В ситуации нематериального производства продуктом становится уже не материальный объект, а новые социальные связи. Уже Маркс придавал особое значение тому факту, что материальное производство является также (вос) производством окружающих его социальных связей, однако в сегодняшнем капитализме это производство социальных отношений становится непосредственной и конечной целью производства. Ключевой тезис Хардта и Негри заключается в том, что это социализированное, нематериальное производство не только делает собственников все более ненужными (ведь продукт социальных связей является общественным как формально, так и в плане его содержания), но кроме того, производители способны регулировать общественное пространство, поскольку социальные связи (политика) и являются самим предметом их работы. Таким образом, путь к «абсолютной демократии» открывается для производителей, которые регулируют социальные связи напрямую, не используя обходных путей представительской демократии...

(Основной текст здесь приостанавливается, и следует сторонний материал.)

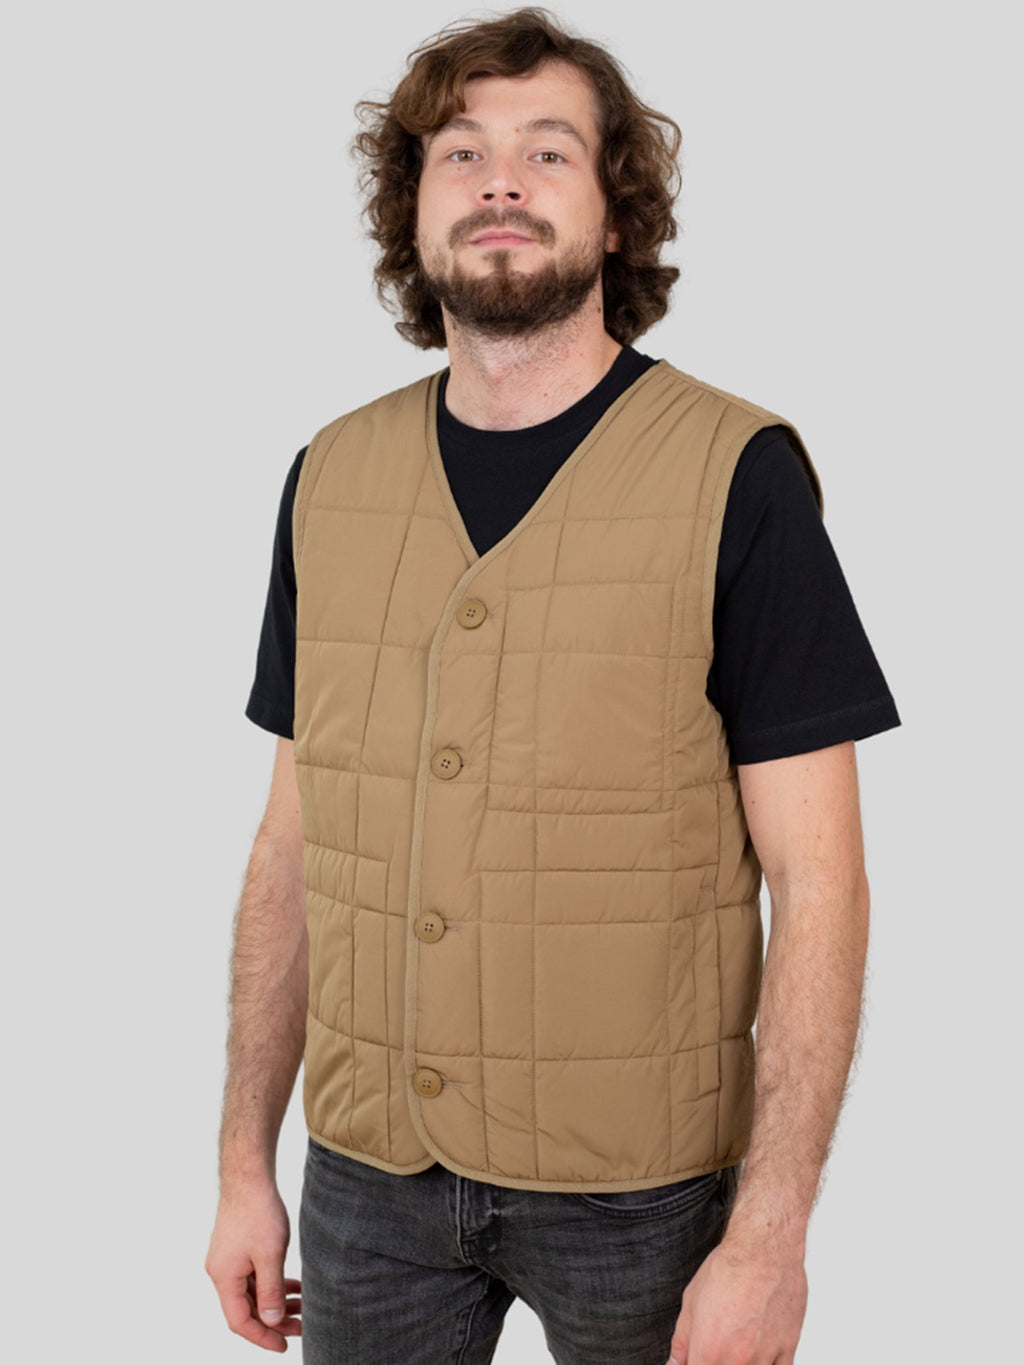 Rocco gewatteerd vest - khaki

Иначе, формулируя вопрос совсем наивно: что есть multitude in power, т.е. сама «власть масс», а не только массовое сопротивление? Как она может функционировать? Хардт и Негри различают два пути противостояния глобальной капиталистической Империи: как «протекционистскую» позицию возврата к сильной Нации-Государству, так и развертывание множеств (multitude) в еще более гибкие формы. В анализе антиглобалистского митинга в Порто-Аллегро Хардт обращает внимание на новую логику политического пространства: здесь мы имеем дело уже не со старой бинарной логикой «мы против них», не с ленинским призывом к единой и прочной линии партии, но мы видим сосуществование множества политических деятелей и позиций, несовместимых одна с другой, поскольку их идеологические и программные акценты лишь соприкасаются (от «консервативных» фермеров и экологов, обеспокоенных судьбой локальной традиции и наследия, до групп, сражающихся за человеческие права, и активистов, отстаивающих интересы эмигрантов, защищающих глобальную мобильность).
Действительно, в этом и заключается сегодняшняя оппозиция глобальному капиталу, который, кажется, создает своего рода негативное отражение в связи с утверждением Делеза о, по сути, антагонистической природе капиталистической динамики (сильная машина детерриториализации, которая порождает новые способы ретерриториализации): сегодняшнее сопротивление капитализму воспроизводит тот же антагонизм. Призывы к защите специфических (культурных, этнических) идентичностей, подвергающихся угрозе перед лицом глобальной динамики, сосуществуют с требованием все большей глобальной мобильности (против новых границ, навязанных капитализмом, которые, помимо всего прочего, ограничивают свободное передвижение индивидов). Правда ли в таком случае, что эти тенденции (или, как мог бы обозначить их Делез, «lignes de fuite») могут сосуществовать без антагонизма, как части одной и той же глобальной сети сопротивления? Есть соблазн ответить на это утверждение понятием цепи эквивалентностей Лакло: конечно, эта логика масс (multitude) работает, потому что здесь речь все еще идет о СОПРОТИВЛЕНИИ. Однако что произойдет, когда – если в этом и состоит желание и воля этих движений – когда «мы захватим власть»? Что все-таки будет представлять собой «власть масс»?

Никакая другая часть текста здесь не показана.